I have no experience with Fi, so i can't know for sure. My Ti experience tells me that it is not specialized at all just like your Ne is not specialized at the roll of another function. in reality we have no way to measure this because everyone has a function stack and _most_ people use the dom-aux pretty much constantly.

Ti as a function just wants consistency and logical sound and reliable data. It's reference for what fits into that is flexible. I believe that once the Ti reaches a certain level of proficiency at say age 20, it can and does work independently without the aux function. At least for me it does. The process of Ti doesn't necessarily need to come from my own data gathering. 

I can look at a logical problem on a computer screen or test paper(like the ones you get in IQ tests) and solve it with my Ti using pure logic. The pure Ti process of checking consistency in a system. I wouldn't bring me Se into it in the slightest in this situation.

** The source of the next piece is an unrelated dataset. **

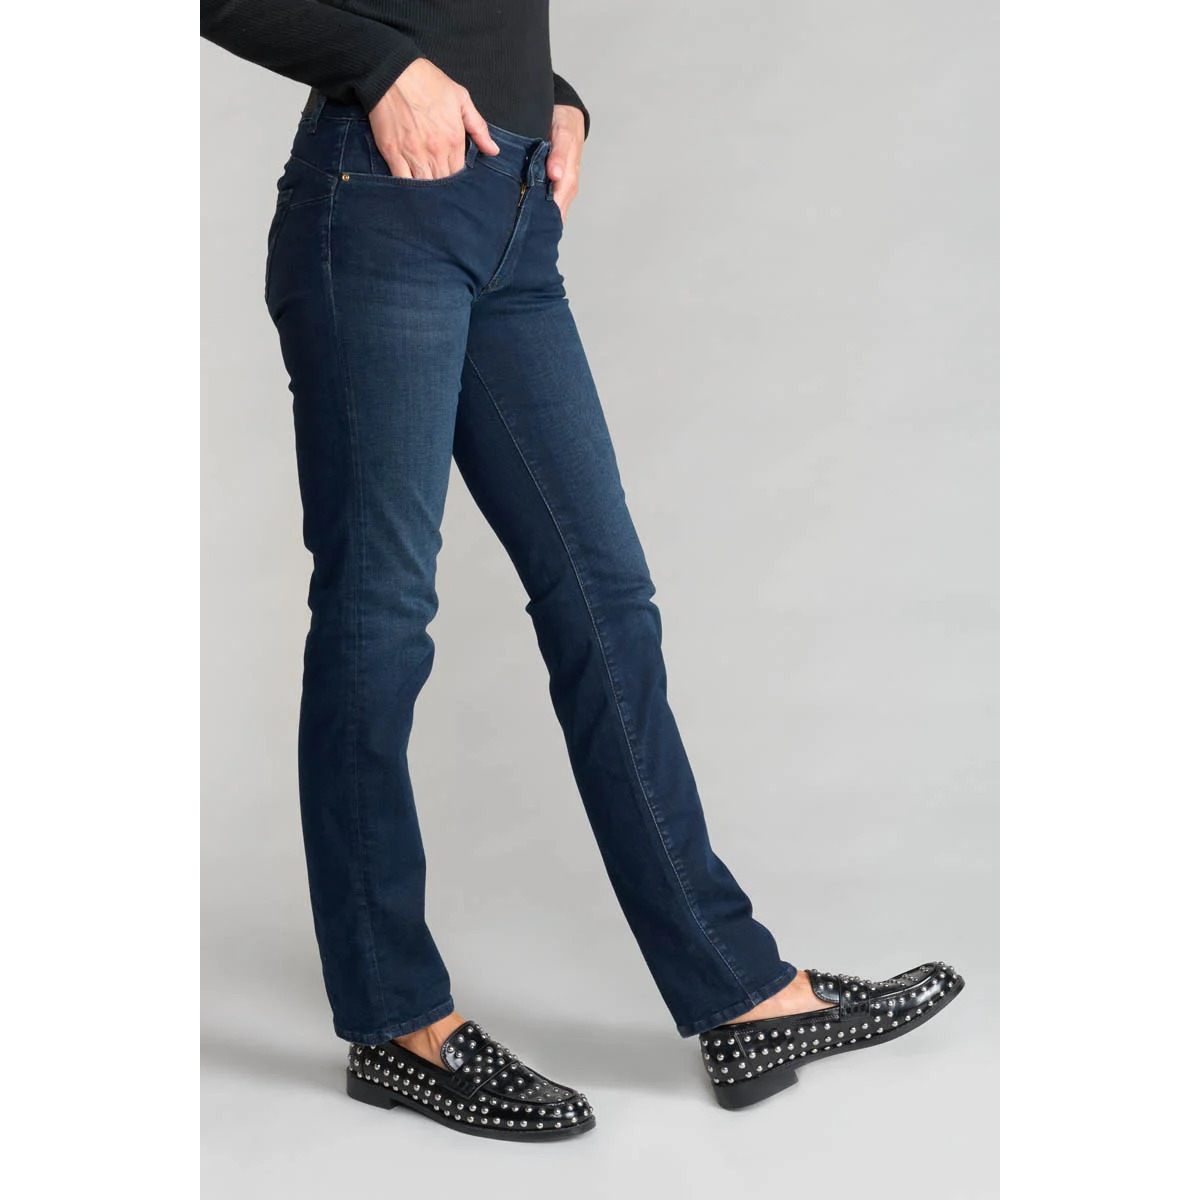 Le Temps des Cerises Bleu Tiko pulp regular 7/8ème jeans bleu noir TfP9Hoht

I'm sure an ESTP or ENTP can use their Ti like that too if they did the same problem.
This demonstrates Ti being independent. IMO, in the example of not being used to using sensory data, that is a matter of being a dominant Intuitive type rather than anything to do with the Fi or Ti specializing!
It'd be like a Ti dom not being used to using Fi with their Se. I have no idea how to do that... I am not an ISFP. my dominant function is the core of my type everything is based upon.
so i would think that if an ENTP were to suddenly use Se instead of Ne and find the experience ropey it would be due to having no idea or experience with Se, not that their Ti isn't used to Se. they have plenty of Ti experience still, doing it's thing.


----------



## Pangelicus (Mar 26, 2015)

Splash Shin said:


> they have plenty of Ti experience still, doing it's thing.


If a person has a natural aptitude with languages, and grows up learning English and French, that doesn't mean they know German.


----------



## Splash Shin (Apr 7, 2011)

Pangelicus said:


> If a person has a natural aptitude with languages, and grows up learning English and French, that doesn't mean they know German.


It is an unfair comparison to make that to this context in Jungian theory imo. Personally i do not see the likeness either.

Anyway i think that this topic has either become way off base, or that it has started to show once again, the limitations of Jungian theory at large.

Ti is a function.
Se is a function
Ne is a function
Ni is a function
Fe is a function
ect.

There is no sub-function for any of them. they are all independent and do their job. The only time another function will effect your degree at using a function is the Inferior one, as the dominant suppresses it.

We have had quite a few Ti doms in this thread comment that they Use their Ti without aux influence, or rather that they do not feel their aux has shaped their Ti. That alone should be sufficient enough.

I find the idea that any function works differently when working with another particular one a bit nonsensical. Ne will Ne. Ti will Ti. they are single processes. They are not mixed into one thing.


----------



## Pangelicus (Mar 26, 2015)

Splash Shin said:


> Anyway i think that this topic has either become way off base, or that it has started to show once again, the limitations of Jungian theory at large.


No, it hasn't. That comparison illustrates my original point. You seem to have learnt the theory and see no reason to extend or improve on it.

My reasoning is simple: when Fi is described, I notice that some people only have some of the features, while others have more of them.

This might be the reason for it, and if true, is a valuable refinement of the theory. If you can say someone has N-Ti (or whatever), you can say with more confidence what traits they have.


----------



## SystemEater (Aug 5, 2012)

> If you can say someone has N-Ti (or whatever), you can say with more confidence what traits they have.


Not really. 

As has been said before, there is no N-Ti type.. there is however interaction between N and Ti... in every single XXTP and XXFJ type.... why? Because the 8 types that fall within those constraints have Ne/Ni and Ti in their Myers-Briggs conceived 4 function stack. 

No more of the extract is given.